Change management frameworks, tools, and processes exist to help guide an organization through change in a way that mitigates the pain for people, identifies resistance to changing, and ultimately helps make sure the change sticks around. 

4 ways you can apply change management principles to product marketing

There are a lot of change management principles that you can apply to product marketing, since we’re always trying to drive incremental change. 

For example, we’re constantly introducing new communication through messaging and launch narratives. Or introducing new ways of doing things, like how we want sales to pitch our products, or how we want customers to buy our products. 

The very nature of what we do as product marketers is extremely cross-functional and we have a ton of stakeholders to bring along for the ride.

Empathy with customers 

Product Marketing is understanding our customers and the market. Listen to them, really hear them, and plan for their emotional response. 

Takeaway: Remember, humans are creatures of habit. We don’t like change. What can you anticipate and plan for? 

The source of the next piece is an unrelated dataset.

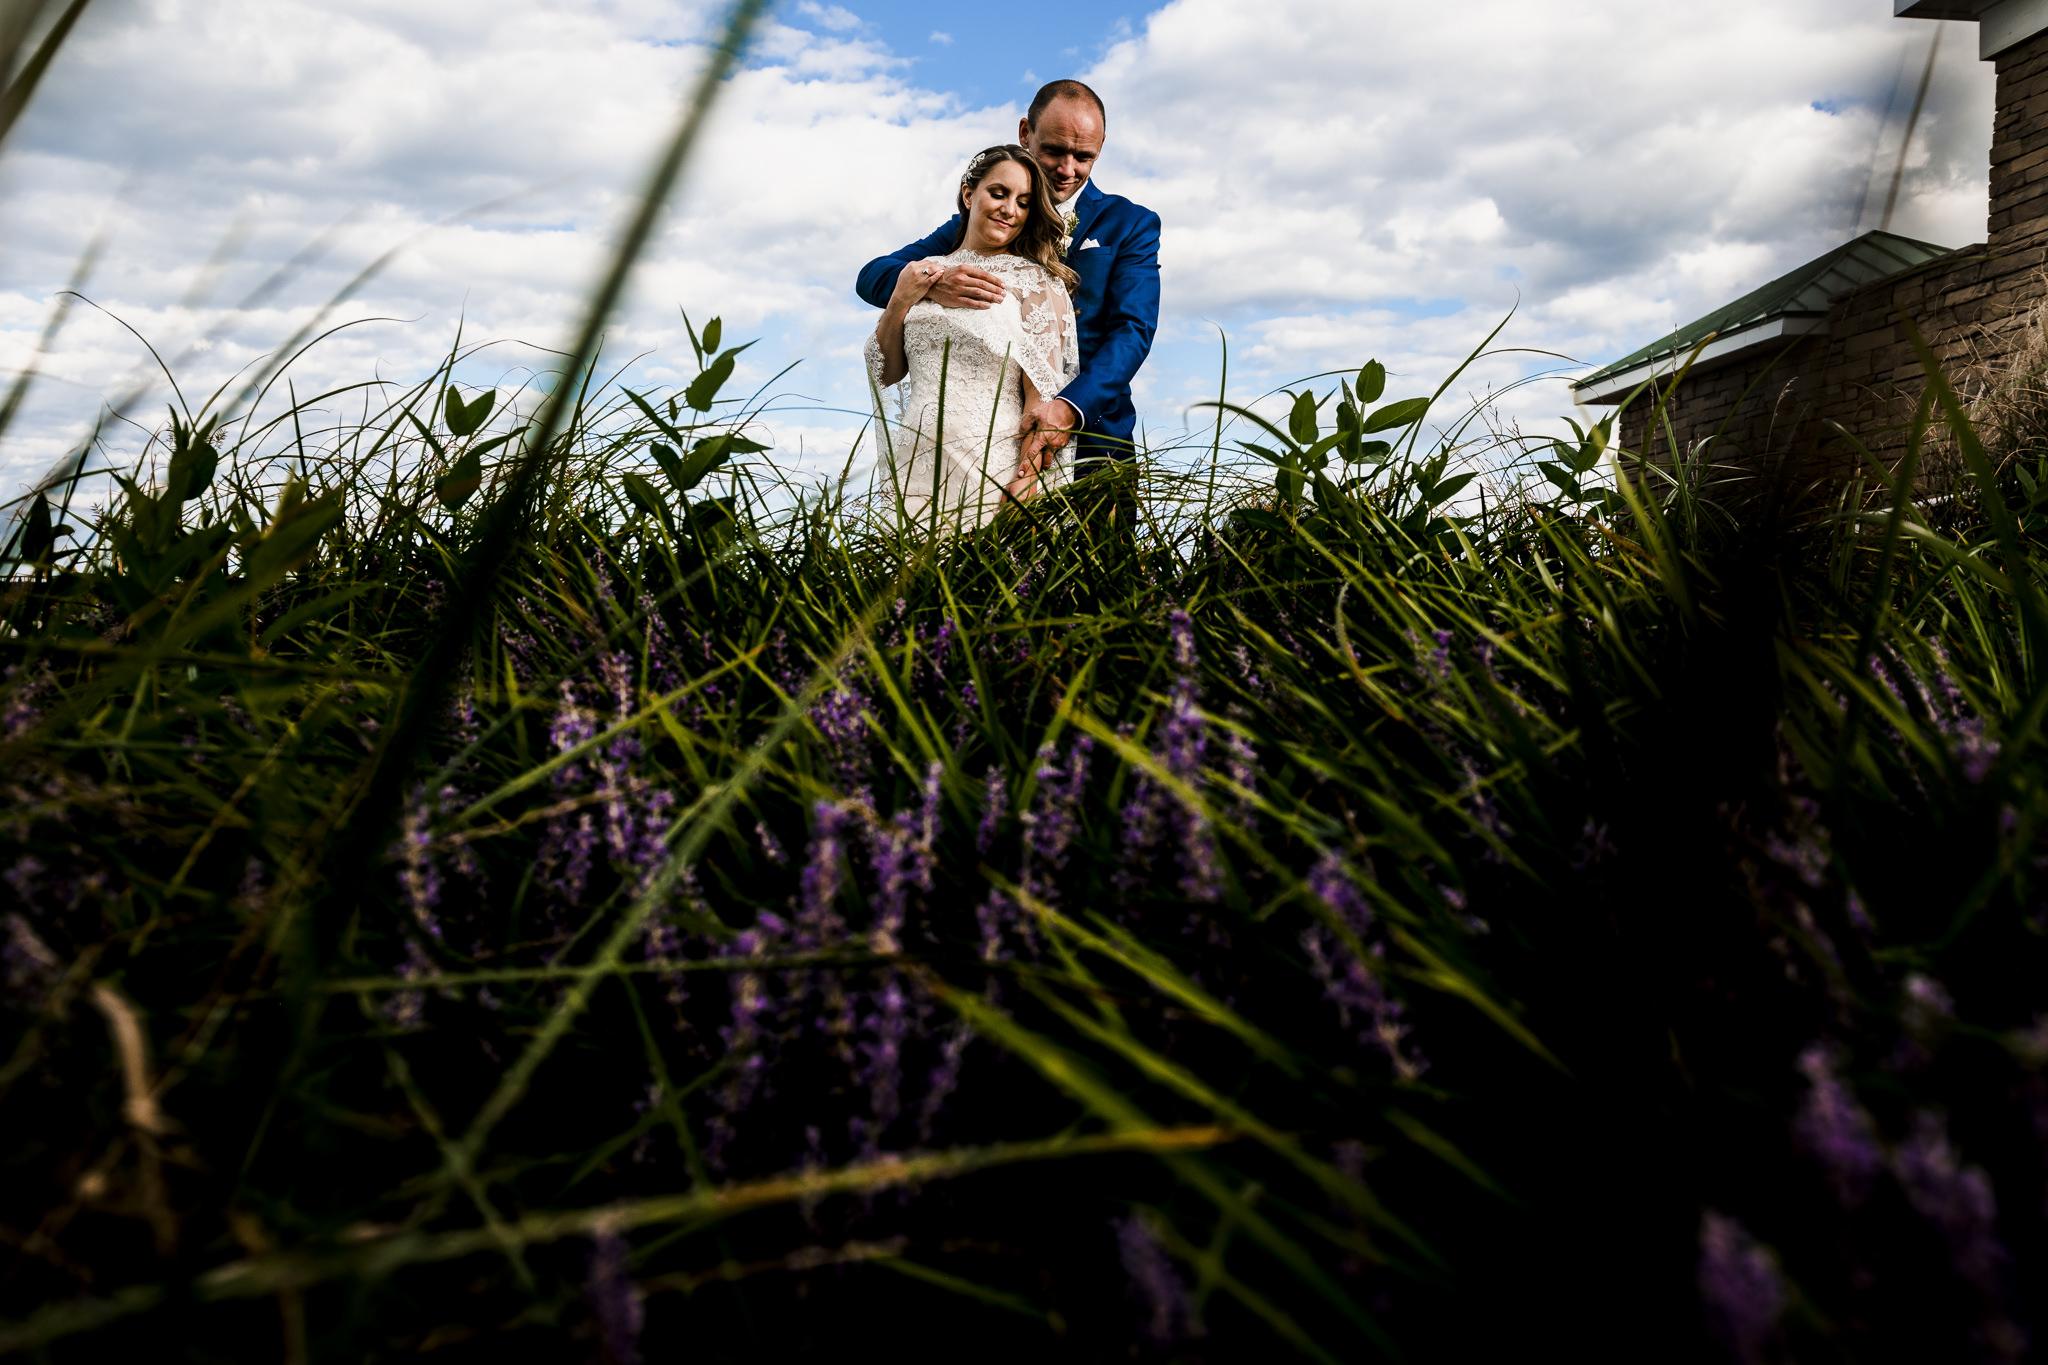 Culos-Sheraton-Eatontown-Long-Branch-Wedding-Photographer-15.JPG

Cross Functional Stakeholders

We speak to customers simply, in a way they understand, but we don't always remember to do that with our peers internally when building cross-functional collaboration and buy-in.

Takeaway: Remember to take people on a journey, bring them along for the ride. 

Messaging Effectiveness

You may live and breathe your messaging, but internal teams and the market need to hear a message at least 8x before they remember it. 

Takeaway: Memorable messaging + repetition is key. 

Go-to-Market Follow Through

Insights, feedback, and reinforcing desired behavior and beliefs post-launch is more important than the launch itself. 

Takeaway: Without the follow through, you've just had a successful moment in market.